FOLLOWING THE CLOSE OF THE WAR A PLAN FOR COLLECTION AND DISTRIBUTION OF EXCESS GROSS PROFITS FROM THE 1918 WOOL CLIP WAS ADOPTED. IN ANNUAL ACTS MAKING APPROPRIATIONS FOR CARRYING OUT THE PLAN THE CONGRESS APPROVED IT.

UNDER SUCH CIRCUMSTANCES I DO NOT FIND THAT THE CLAIM OR DEMAND CONTAINS SUCH ELEMENTS OF LEGAL LIABILITY OR EQUITY AS TO JUSTIFY MY REPORTING IT TO THE CONGRESS FOR ITS CONSIDERATION.

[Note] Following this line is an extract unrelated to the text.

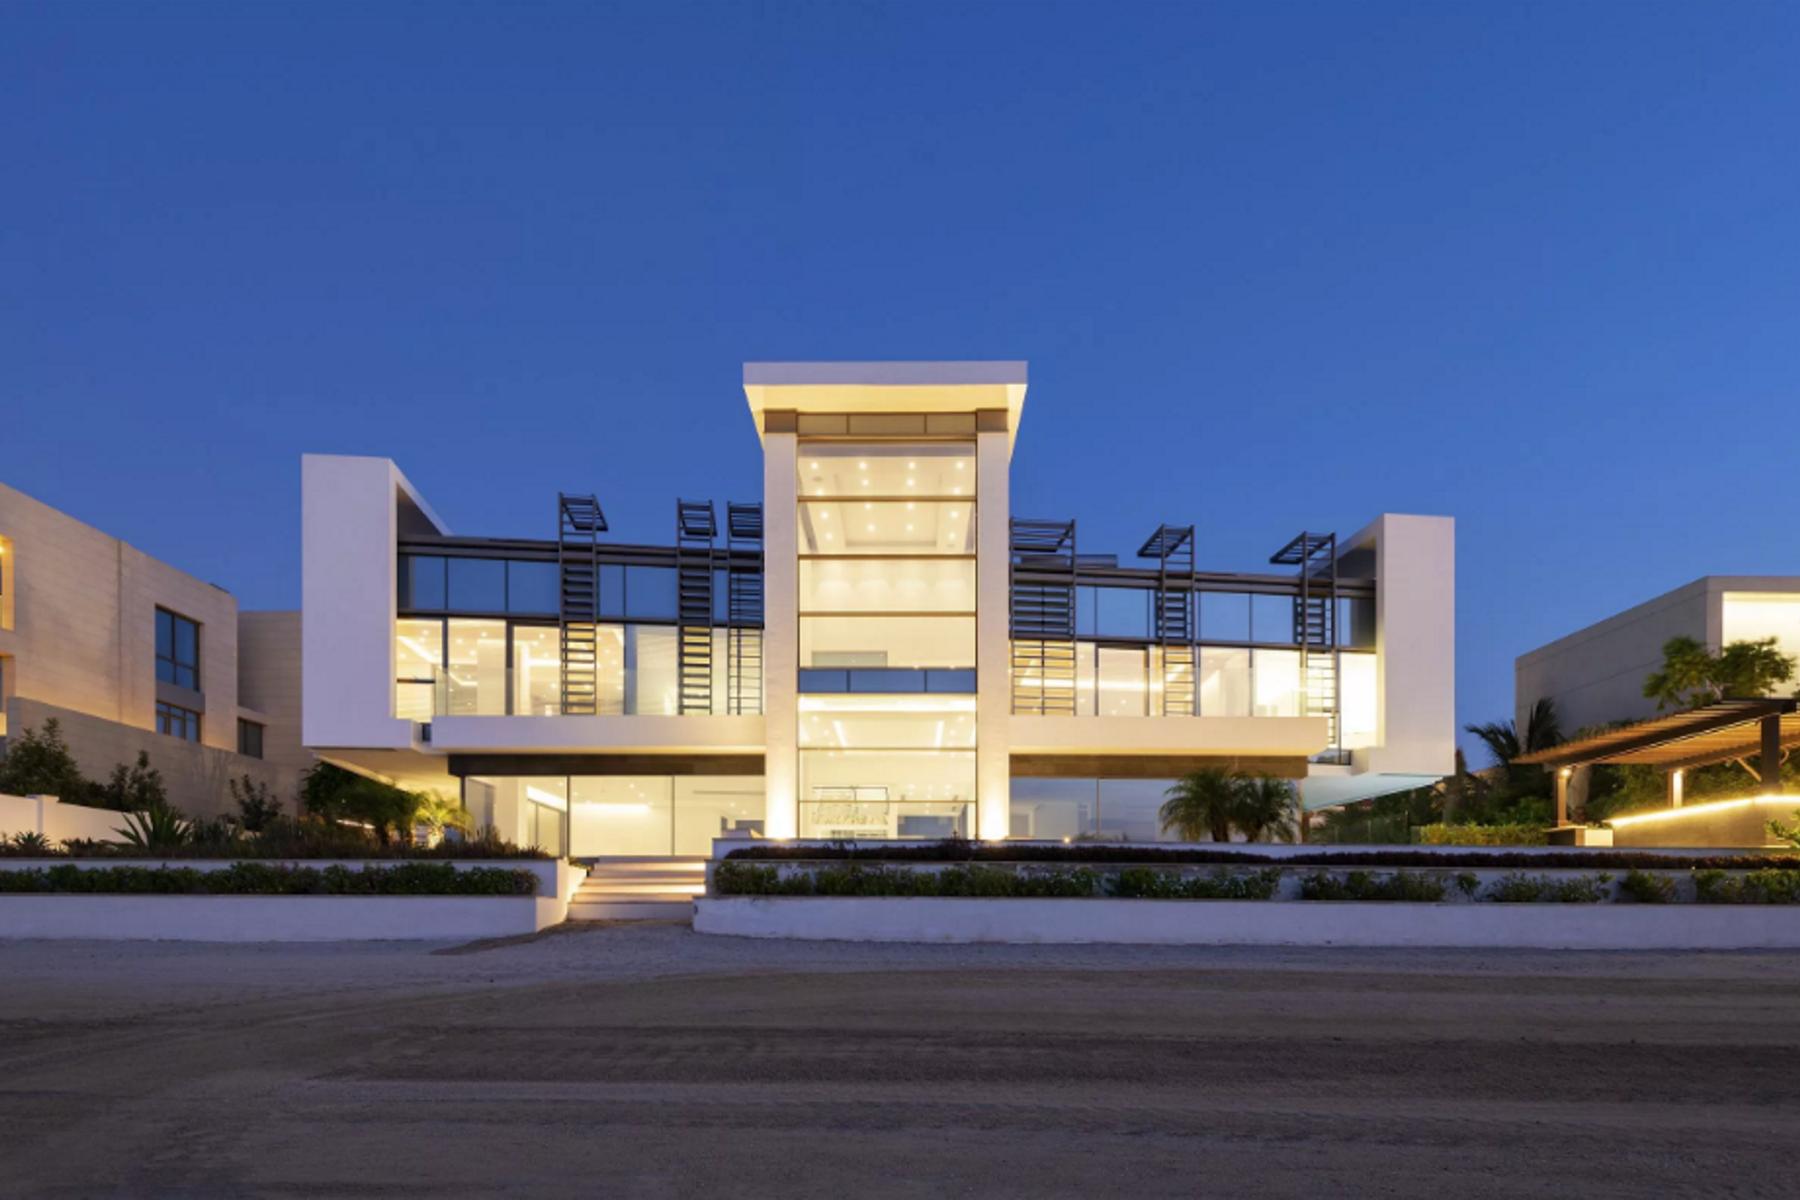 Property for Sale at Luxury Beachfront Mansion Palm Jumeirah Dubai, Dubai United Arab Emirates

THIS ACTION IS NOT TO BE CONSIDERED AS A CRITICISM OF CLAIMANTS OR OTHER DEALERS WHO HANDLED WOOL OF THE 1918 CLIP. ON THE WHOLE, IT IS GENERALLY UNDERSTOOD THAT THEY ACCOMPLISHED THEIR UNDERTAKING IN A PATRIOTIC MANNER AND WITH A SMALL MARGIN OF EXCESS GROSS PROFITS AND ARE TO BE COMMENDED, BUT THERE IS NOTHING INEQUITABLE IN THEIR PAYING THE UNITED STATES SUCH EXCESS TO BE DISPOSED OF BY THE GOVERNMENT.

ACCORDINGLY, THE REQUEST OF CLAIMANTS THAT THEIR CLAIM BE REPORTED TO THE CONGRESS UNDER THE PROVISIONS OF THE ACT OF APRIL 10, 1928, SUPRA, MUST BE, AND IS, DENIED.